The Saturn V was bigger, and with a better ratio: 120 tons payload, 2800 tons total mass -> ratio 1/23
Soyuz-U: 7 tons payload, 313 tons total mass -> ratio 1/45
As you need some systems regardless of size, smaller rockets tend to have a worse ratio. Let's look at commercial rockets:
Falcon 1 (21m height, 1.7m diameter) can launch 0.7 tons with a total mass of 39 tons (1/56), the bigger Falcon 9 with 10,5 tons / 333 tons (1/32) is better. Falcon heavy: 53 tons / 1400 tons (1/26)

15. Jul 22, 2012

### BobMarly

I've heard it stated that the most expensive part of a launch is the first 2 inches!

16. Jul 22, 2012

### surajt88

17. Jul 22, 2012

### BobMarly

That was just a qoute I heard during an interview ten or twenty years ago.

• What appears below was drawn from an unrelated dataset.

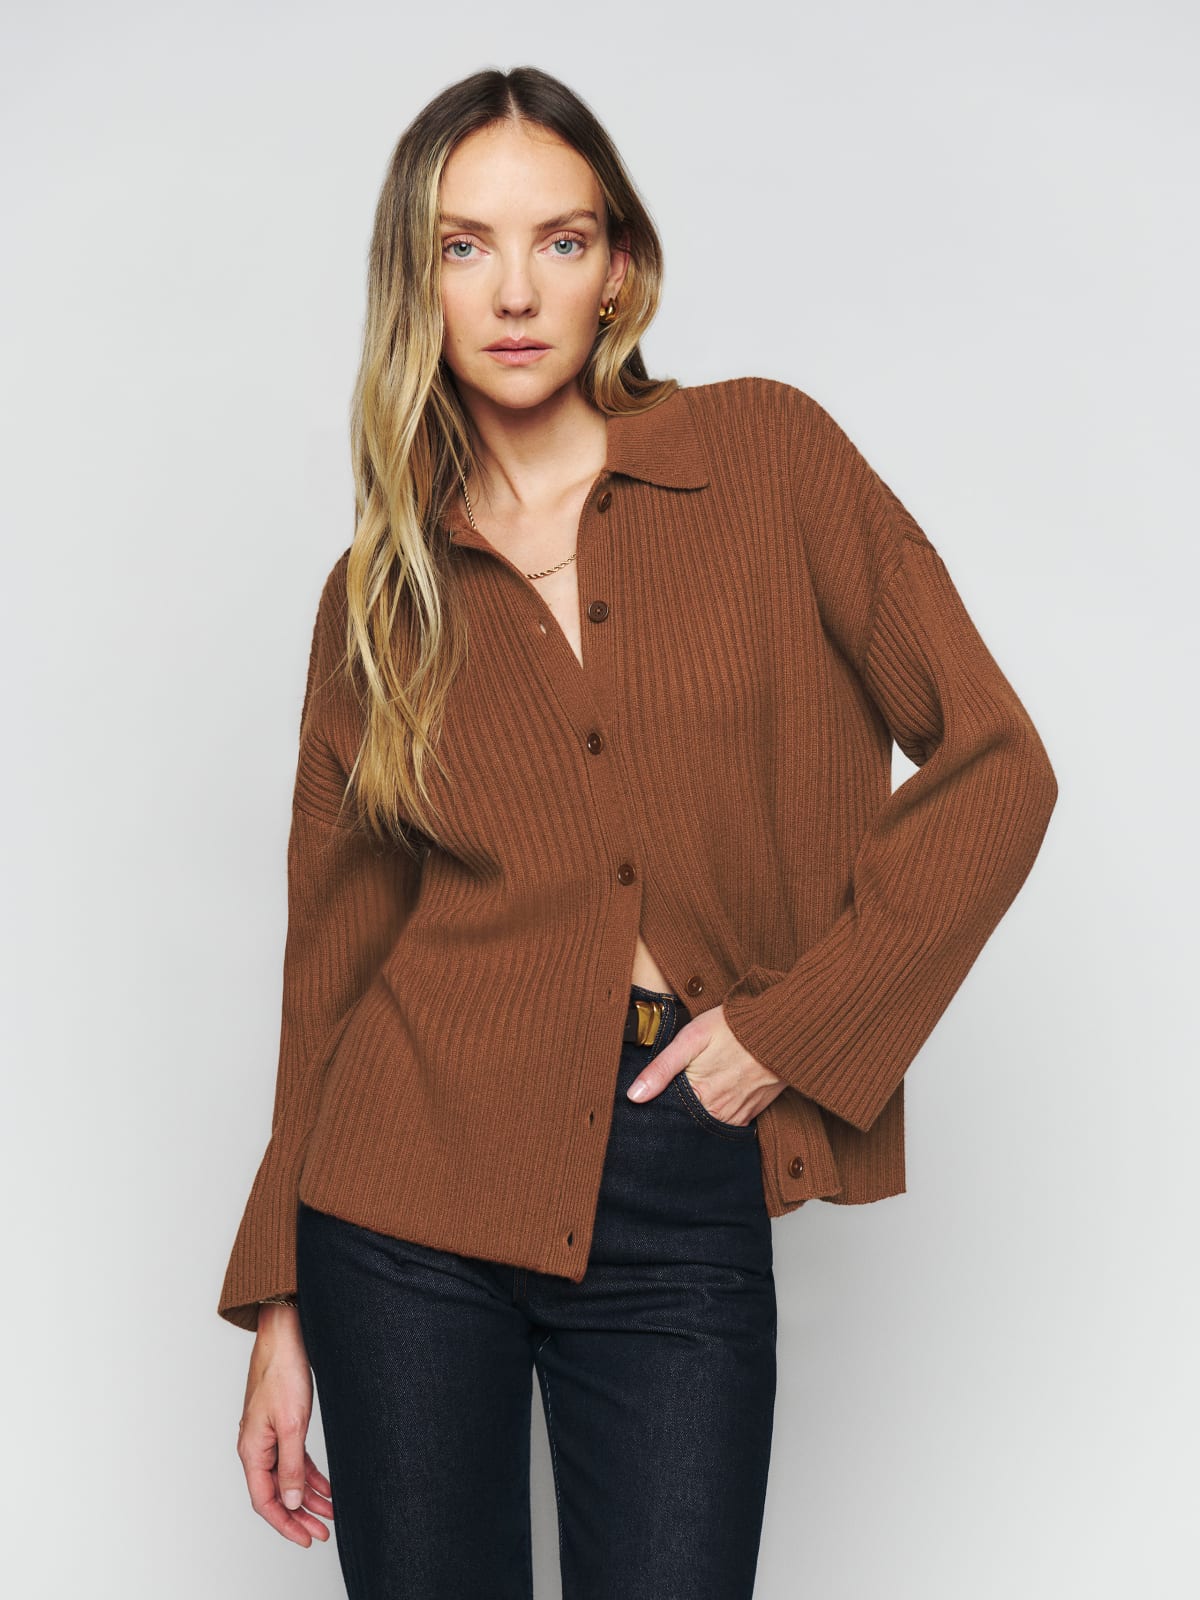 The Fantino from Reformation is a long sleeve, collared cardigan made out of soft, cashmere fabric. It features a deep v neckline and functional, center front buttons so you can wear it open or closed depending on your mood. This one comes in a chestnut colour.

If you're looking for more info, dare I say Google It!

18. Jul 22, 2012

### Staff: Mentor

In terms of required fuel... well, yes, the "fuel per distance" ratio decreases with velocity, and the initial velocity is 0 for conventional rocket launches (=all rocket launches up to now). But this does not mean that lifting the rocket by 2 inches would help in any way. Accelerating it to something like 500m/s or more would indeed help.

19. Jul 22, 2012

### krd

I think what that means is getting it 2 inches off the ground without it malfunctioning and exploding is the most expensive part of the launch.

20. Jul 27, 2012

### surajt88

Couldn't get anything by googling the first time around. It also seems logical that the cost of fuel and safety would be very high for the initial part of the launch. What I wanted was data resembling breakup of amount of fuel required as the rocket gets higher or something like that.